Sorbonne Université, Inserm, Research Unit on Cardiovascular and Metabolic Diseases, UMRS-1166, 75013 Paris, France.
Division of Neurology, Department of Pediatrics, Children's Hospital of Philadelphia, Philadelphia, PA 19104, USA.
Front Biosci (Landmark Ed). 2022 Jun 30;27(7):209. doi: 10.31083/j.fbl2707209.
Pathogenic variants in , the gene encoding the cardiac Na+ channel α-subunit Nav1.5, result in life-threatening arrhythmias, e.g., Brugada syndrome, cardiac conduction defects and long QT syndrome. This variety of phenotypes is underlied by the fact that each Nav1.5 mutation has unique consequences on the channel trafficking and gating capabilities. Recently, we established that sodium channel α-subunits Nav1.5, Nav1.1 and Nav1.2 could dimerize, thus, explaining the potency of some Nav1.5 pathogenic variants to exert dominant-negative effect on WT channels, either by trafficking deficiency or coupled gating.
The present study sought to examine whether Nav1.5 channels can cooperate, or transcomplement each other, to rescue the Na+ current (INa). Such a mechanism could contribute to explain the genotype-phenotype discordance often observed in family members carrying Na+-channel pathogenic variants.
Patch-clamp and immunocytochemistry analysis were used to investigate biophysical properties and cellular localization in HEK293 cells and rat neonatal cardiomyocytes transfected respectively with WT and 3 mutant channels chosen for their particular trafficking and/or gating properties.
As previously reported, the mutant channels G1743R and R878C expressed alone in HEK293 cells both abolished INa, G1743R through a trafficking deficiency and R878C through a gating deficiency. Here, we showed that coexpression of both G1743R and R878C nonfunctioning channels resulted in a partial rescue of INa, demonstrating a cooperative trafficking of Nav1.5 α-subunits. Surprisingly, we also showed a cooperation mechanism whereby the R878C gating-deficient channel was able to rescue the slowed inactivation kinetics of the C-terminal truncated R1860X (ΔCter) variant, suggesting coupled gating.
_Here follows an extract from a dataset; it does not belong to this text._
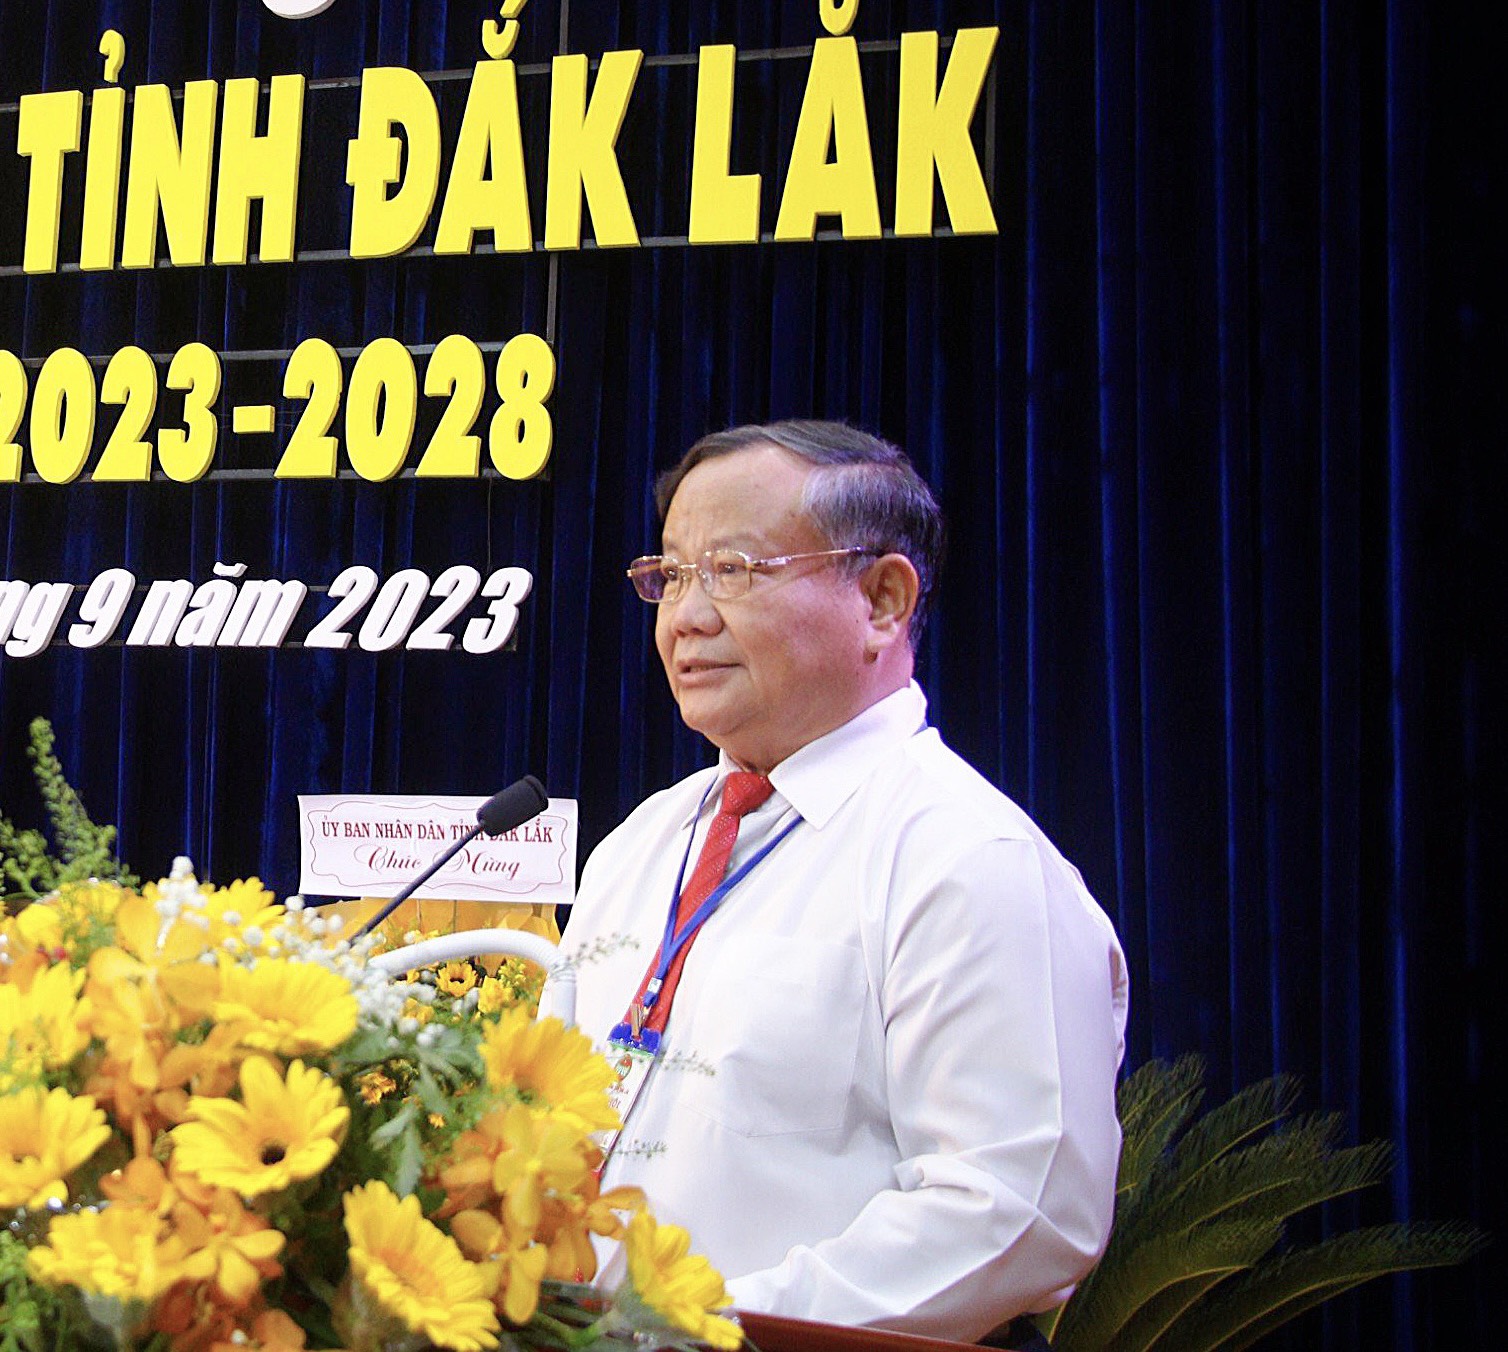 Phó Chủ tịch Hội NDVN: Cần có bước đi phù hợp để Đắk Lắk là nơi đáng sống - Ảnh 4.

Altogether, our results add to the evidence that Nav channels are able to interact and regulate each other's trafficking and gating, a feature that likely contributes to explain the genotype-phenotype discordance often observed between members of a kindred carrying a Na+-channel pathogenic variant.
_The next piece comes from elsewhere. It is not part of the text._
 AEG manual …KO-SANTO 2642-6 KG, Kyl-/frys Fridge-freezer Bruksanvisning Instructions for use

编码心脏钠离子通道 α 亚基 Nav1.5 的 基因中的致病变体可导致危及生命的心律失常,例如 Brugada 综合征、心脏传导缺陷和长 QT 综合征。每个 Nav1.5 突变对通道运输和门控能力产生独特的后果,这导致了多种表型。最近,我们发现钠离子通道 α 亚基 Nav1.5、Nav1.1 和 Nav1.2 可以二聚化,从而解释了一些 Nav1.5 致病变体通过运输缺陷或偶联门控对 WT 通道发挥显性负效应的能力。
本研究旨在探讨 Nav1.5 通道是否可以相互合作或互补,以挽救钠离子电流(INa)。这种机制可能有助于解释携带钠通道致病变体的家族成员中经常观察到的基因型-表型不一致。
使用膜片钳和免疫细胞化学分析,分别在转染 WT 和 3 种突变通道的 HEK293 细胞和大鼠新生心肌细胞中研究生物物理特性和细胞定位。这 3 种突变通道是根据其特定的运输和/或门控特性选择的。
正如先前报道的,单独在 HEK293 细胞中表达的突变通道 G1743R 和 R878C 均使 INa 完全失活,G1743R 通过运输缺陷,而 R878C 通过门控缺陷。在这里,我们表明,非功能的 G1743R 和 R878C 两种突变通道的共表达导致 INa 的部分恢复,表明 Nav1.5 α 亚基的运输具有协同作用。令人惊讶的是,我们还发现了一种协同作用机制,其中 R878C 门控缺陷通道能够挽救 C 端截断 R1860X(ΔCter)变体的缓慢失活动力学,表明偶联门控。
总之,我们的结果进一步证明了 Nav 通道能够相互作用并调节彼此的运输和门控,这一特性可能有助于解释携带钠通道致病变体的家族成员之间经常观察到的基因型-表型不一致。